Sex, Love, and Intimacy
















Othello

Hi, I’m back.  Sorry if you missed me.  I took a bit of a summer break.  Ahhhh!

I went back to Ashland, OR to see some more Shakespeare at the Oregon Shakespeare Festival (OSF).  My partner and I saw 5 plays in 5 days including an amazing production of Othello.  Othello is primarily about jealousy.  It is the story of an embittered military aide, Iago, who nurses a vengeful hate for his commander, Othello.  By clever innuendo and artful lying Iago convinces Othello that Othello’s beautiful new bride is having an affair with Othello’s second-in-command.

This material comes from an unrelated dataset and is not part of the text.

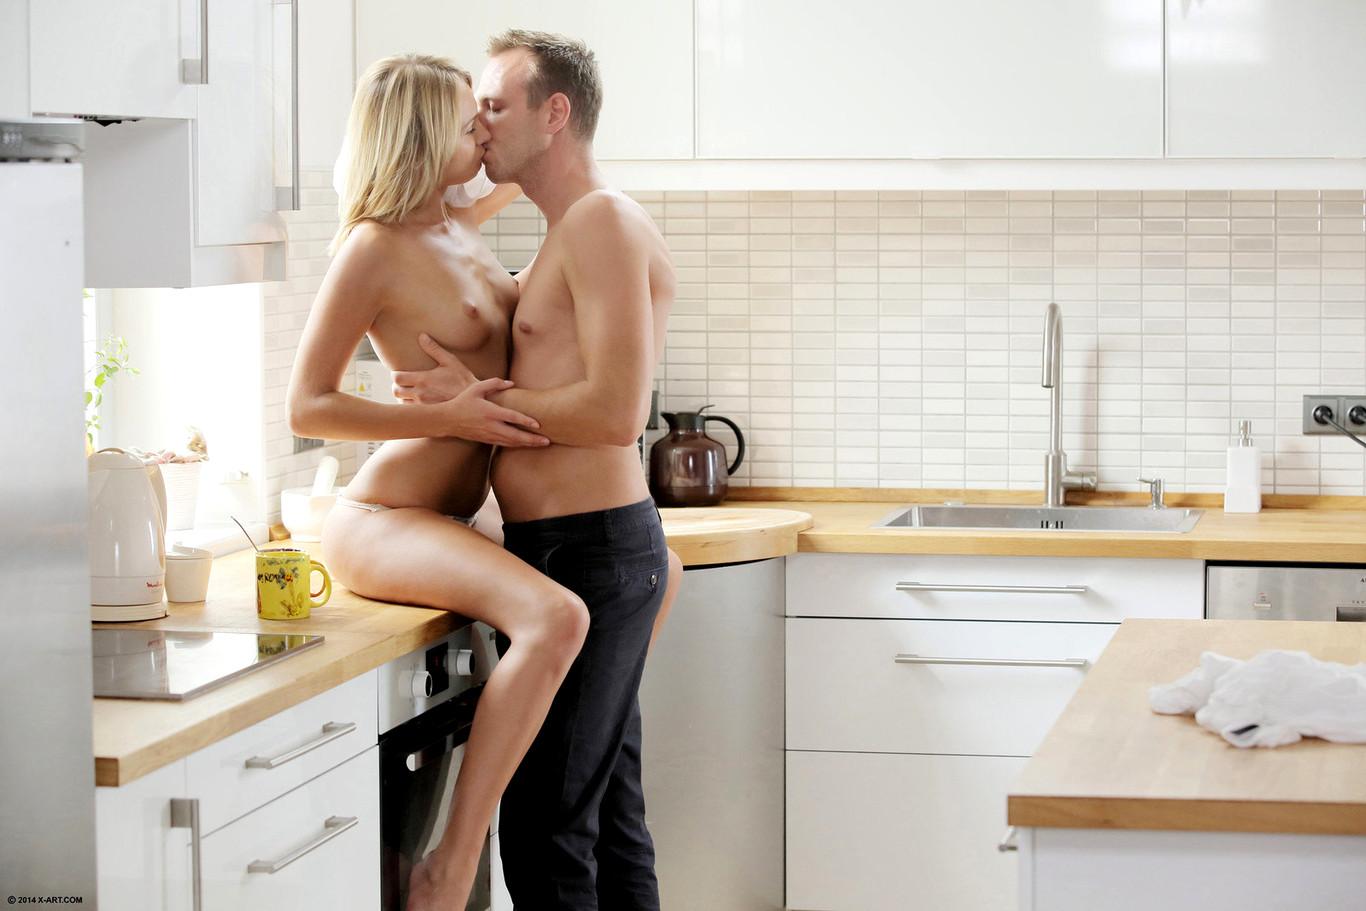 младенцам, весело на кухне порно наслаждаются

Sitting in the audience I felt an almost overwhelming impulse to shout at the actors, to tell Othello to stop listening to Iago.  The audience around me, so uncomfortable with the ruin that Iago is creating, started hissing and booing at him, like children at a Saturday matinee movie.  Being a tragedy, it does not end well.

At the end of the play Othello describes himself as “one that loved not wisely but too well.“  But I think he really means that he his jealousy made him stupid (not wisely).  That his failure to believe in love, his need to feel secure, his own doubt about his worthiness drove him to kill that which he most loved.

And that idea - that in the absence of our own sense of self-worth, in our fear that we really can’t control our beloved and therefore can’t rely on them, in our fear of being abandoned, we kill that which we love - is as real and compelling today as it was 400 years ago when Will Shakespeare first penned it.